Zpool, same drive designation stuck in 2x z2 sub

Somehow I have stuffed up (story not added due to lack of comprehension)

My pool topgear has been degraded, today it went offline (C3T13D1 did not start at all, removing and reinserting got it back ((time bomb)))

After managing to get back to degraded (can't access the data from network, yet)

I realised that in 2 raidz' I have the same vdev

SSH status -lx screenshot
1646207427688.png
Napp-it Pool Page
1646208336476.png


My head is currently fuzzy as anything so words aren't coming;

But any ideas on how to at least get the same drive SN removed


Physically slots C4T16D1, C3T14D1 are empty
SN G8RHD is in the forbidden pile (Last IOStat I saw, S:0 H:526 T:291)

Extra q: drives I may have pulled out of pools at various stages - how do I 'reset' them so they can go in a 'new' pool
 
Last edited:

gea

Well-Known Member
Dec 31, 2010
2,809
970
113
DE
Newer HBAs use WWN to identify disks. This is a manufacturer id similar to the mac adress of a nic. Such an id ex c1t5000CCA0BCE3CE1Cd0 remains the same when you attach a disk to another physical HBA port or even another server.

"Short numbers" like c0t0d0 reflect a physical port of your controller. With many disks not a good idea. In your case it seems that you have moved disks around what results that a certain disk is expected at another slot.

How to fix:
Export + import the pool. During import all disk labels are read what solves this problem.
 
That 3059178084820097818 isn't a WWN is it though?
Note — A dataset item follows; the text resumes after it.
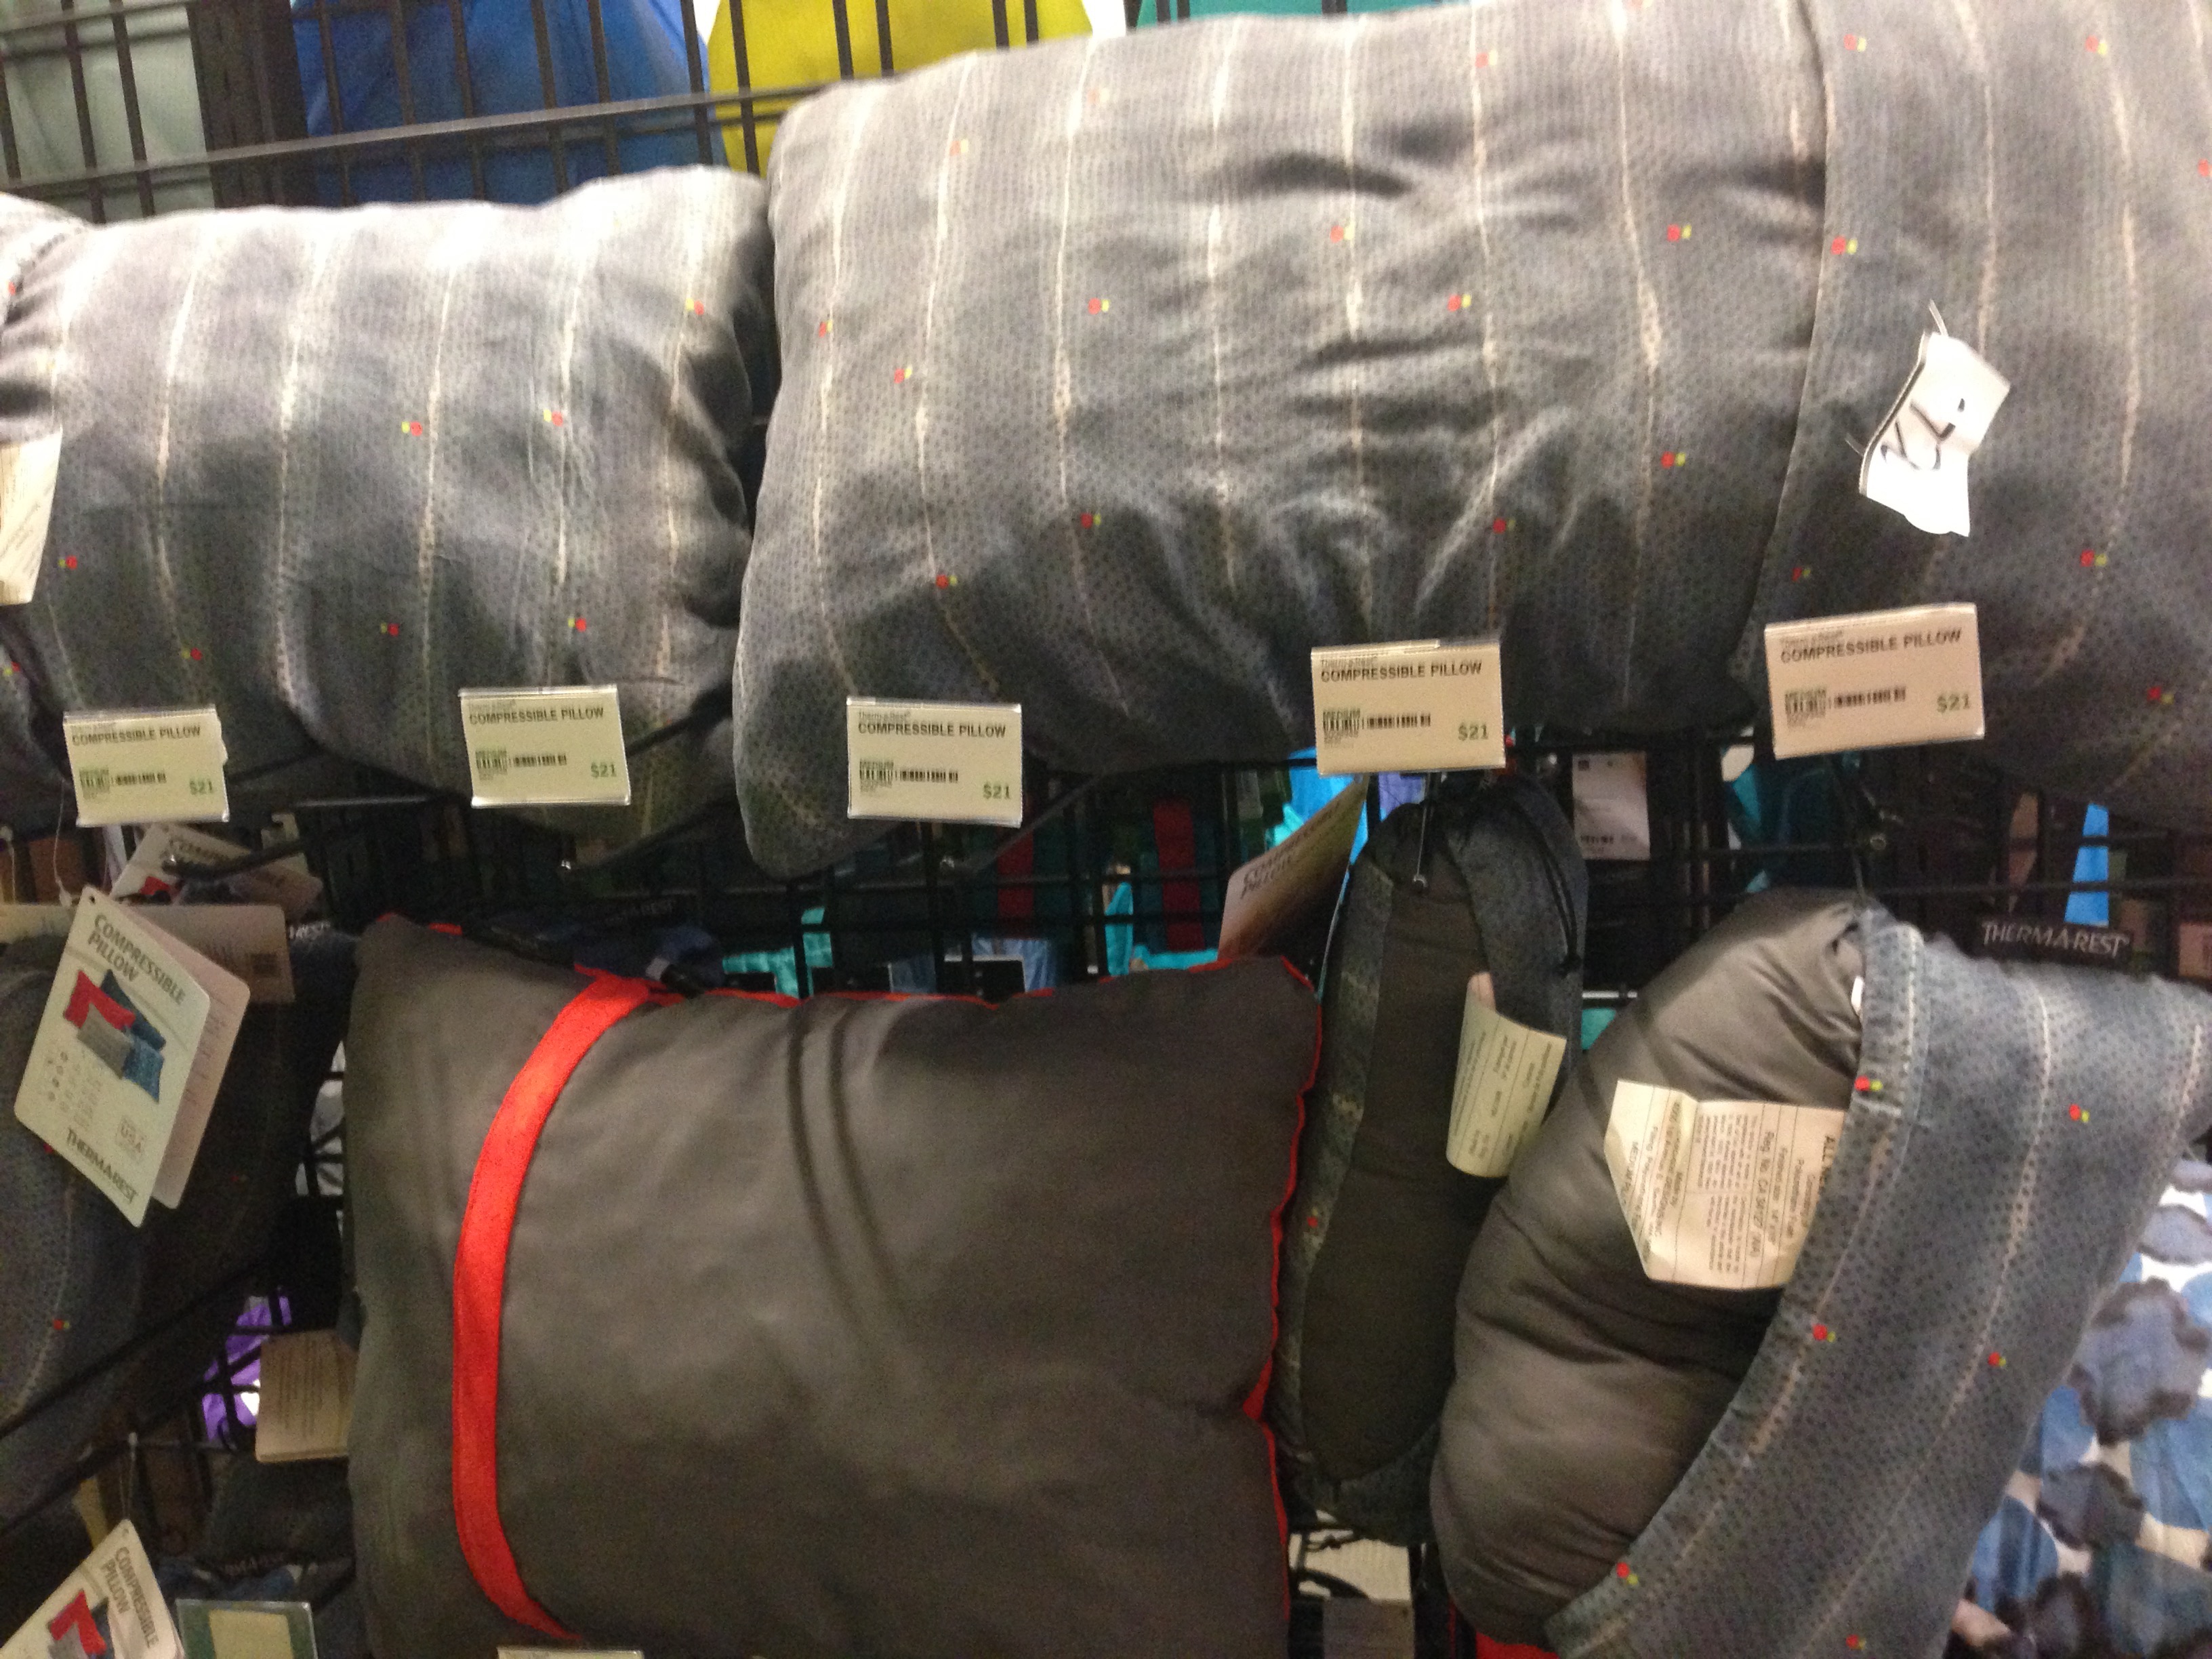 Inflatable pillows!  Okay in a pinch, but if space isn't critical, I would use a real one.

I have exported and imported the pool - was thinking I should try and disable the drives while I was working on getting space ready to try and migrate the data;
Now there are three lines with numbers like above

Thought perhaps I'd be able to find the drives that match them in my suspicious pile (if not the red flagged 2) - but they don't really look like WWN -- and my drives are pre WWN stickered

I'm not sure what FW mode the M1015 are in, nor what driver Sol11 is using to keep physical port naming

-- Have to decide which method is best to 'move' files to Temp8Tb pool - possibly with a post check to see if transfer didn't corrupt
-- Cannot start any moves to new server until
-- -- Sort one more Sata Power cable
-- -- Choose firmware for M1015
-- -- Define HW Settings for Nappit AIO VM
 
Last edited:

gea

Well-Known Member
Dec 31, 2010
2,809
970
113
DE
That 3059178084820097818 isn't a WWN is it though?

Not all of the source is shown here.